● **EXERCISE**
Leave every picture out, and give again exactly the lines from the one containing "Užijte si řeky, rybníky" through the end of the listing.

● **DATA SECTION**
★ ★ ★

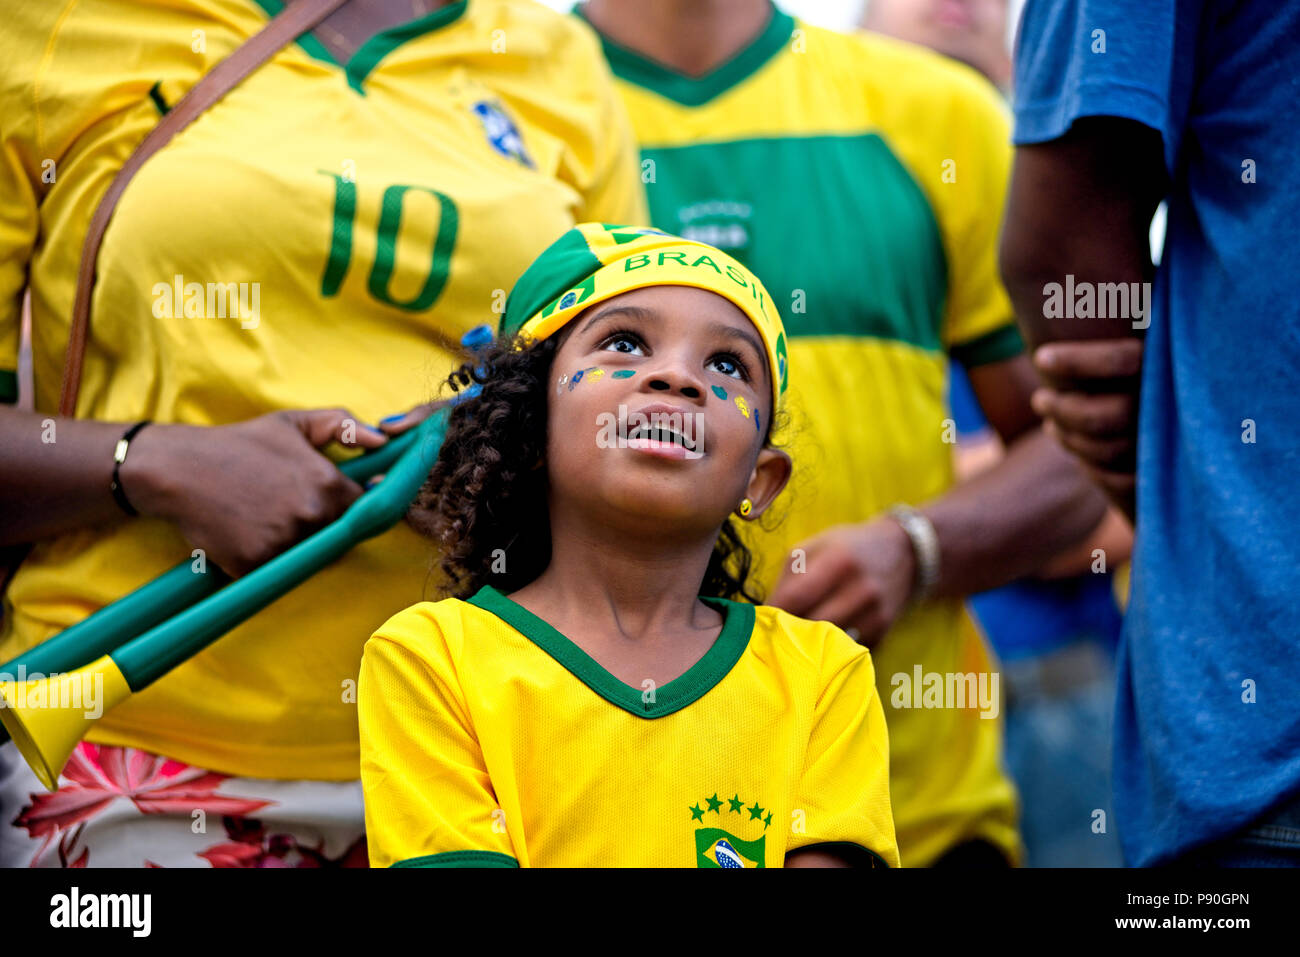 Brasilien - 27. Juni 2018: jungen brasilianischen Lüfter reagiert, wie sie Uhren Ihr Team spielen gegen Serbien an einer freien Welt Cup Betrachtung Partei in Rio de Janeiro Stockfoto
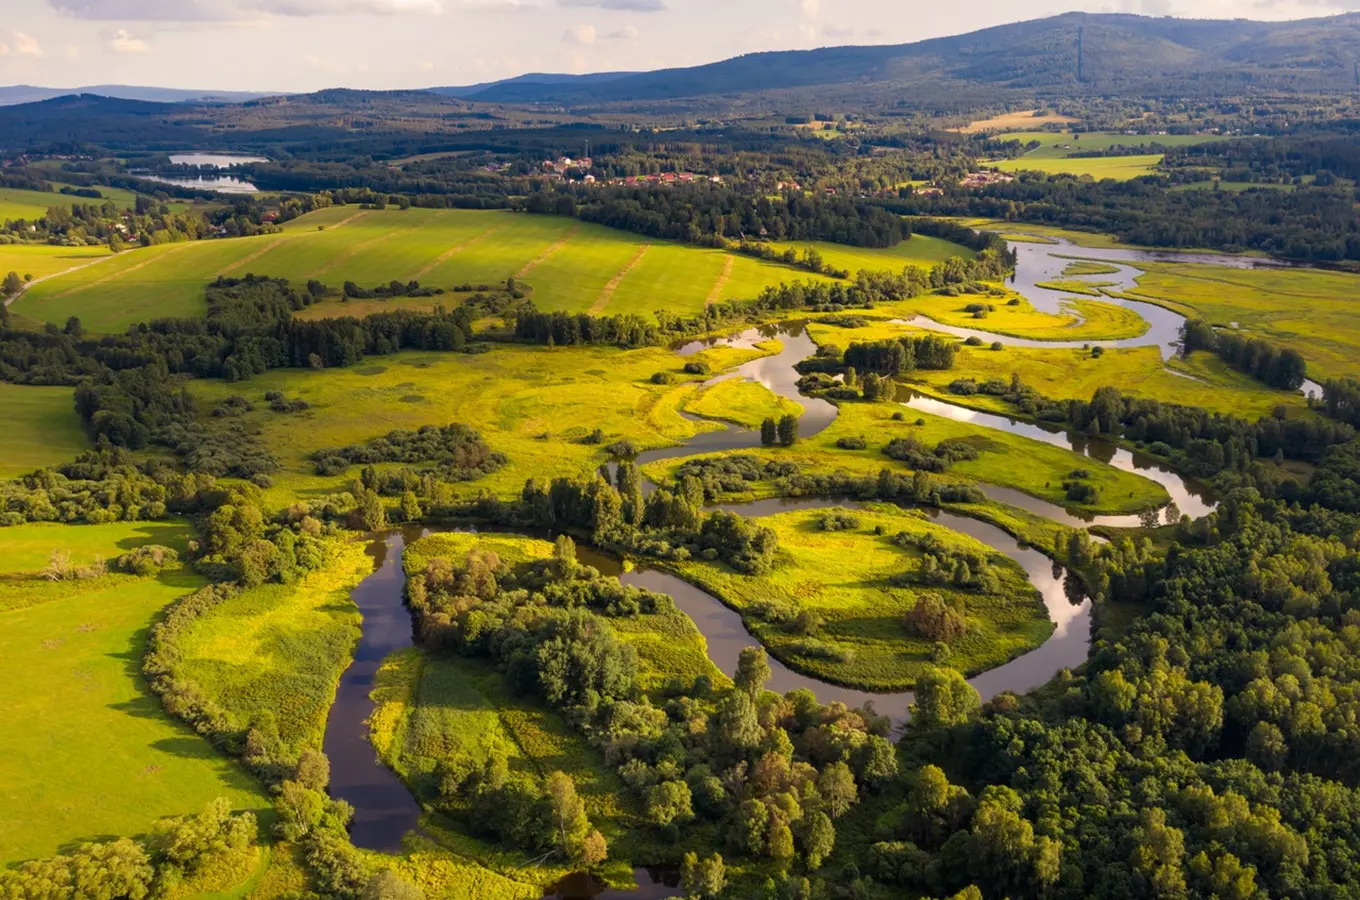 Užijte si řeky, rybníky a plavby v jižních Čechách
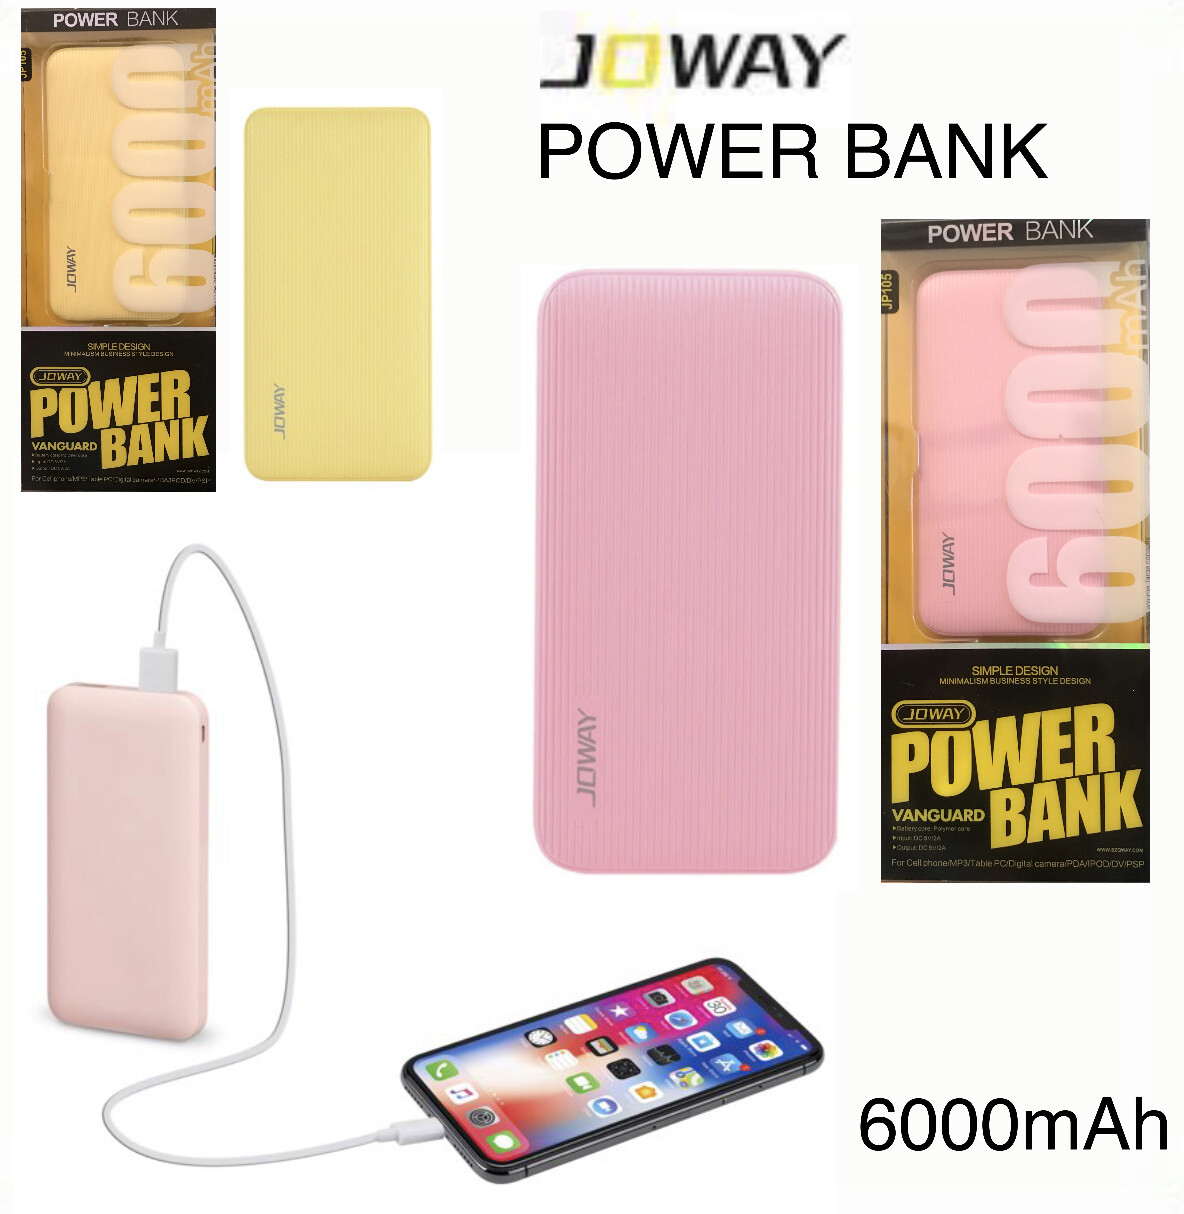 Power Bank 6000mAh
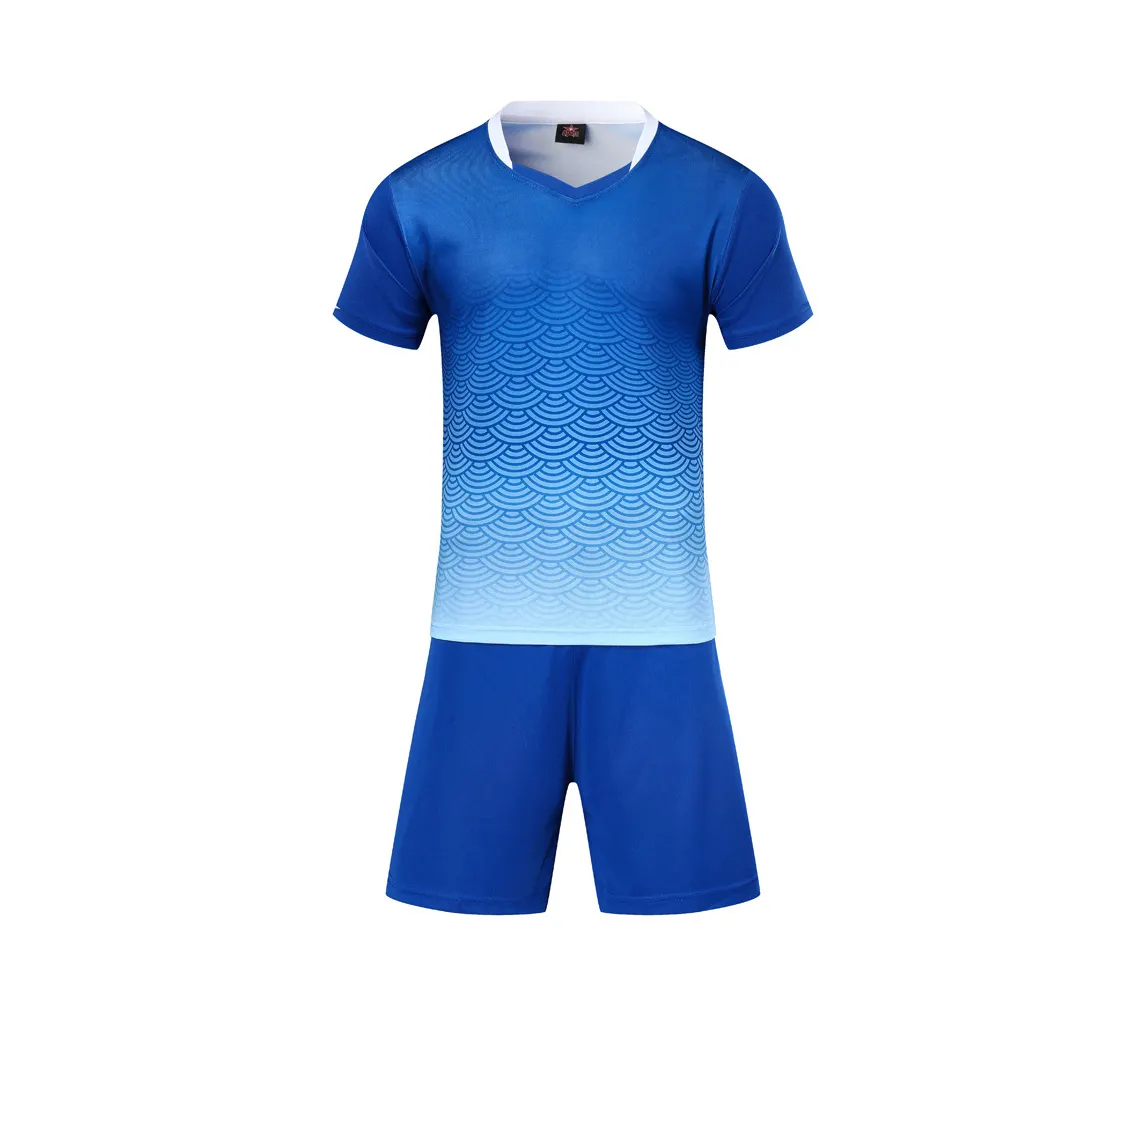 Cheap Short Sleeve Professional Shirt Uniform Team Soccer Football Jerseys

★ ★ ★

● **EXPECTED ANSWER**
 Užijte si řeky, rybníky a plavby v jižních Čechách
 Power Bank 6000mAh
 Cheap Short Sleeve Professional Shirt Uniform Team Soccer Football Jerseys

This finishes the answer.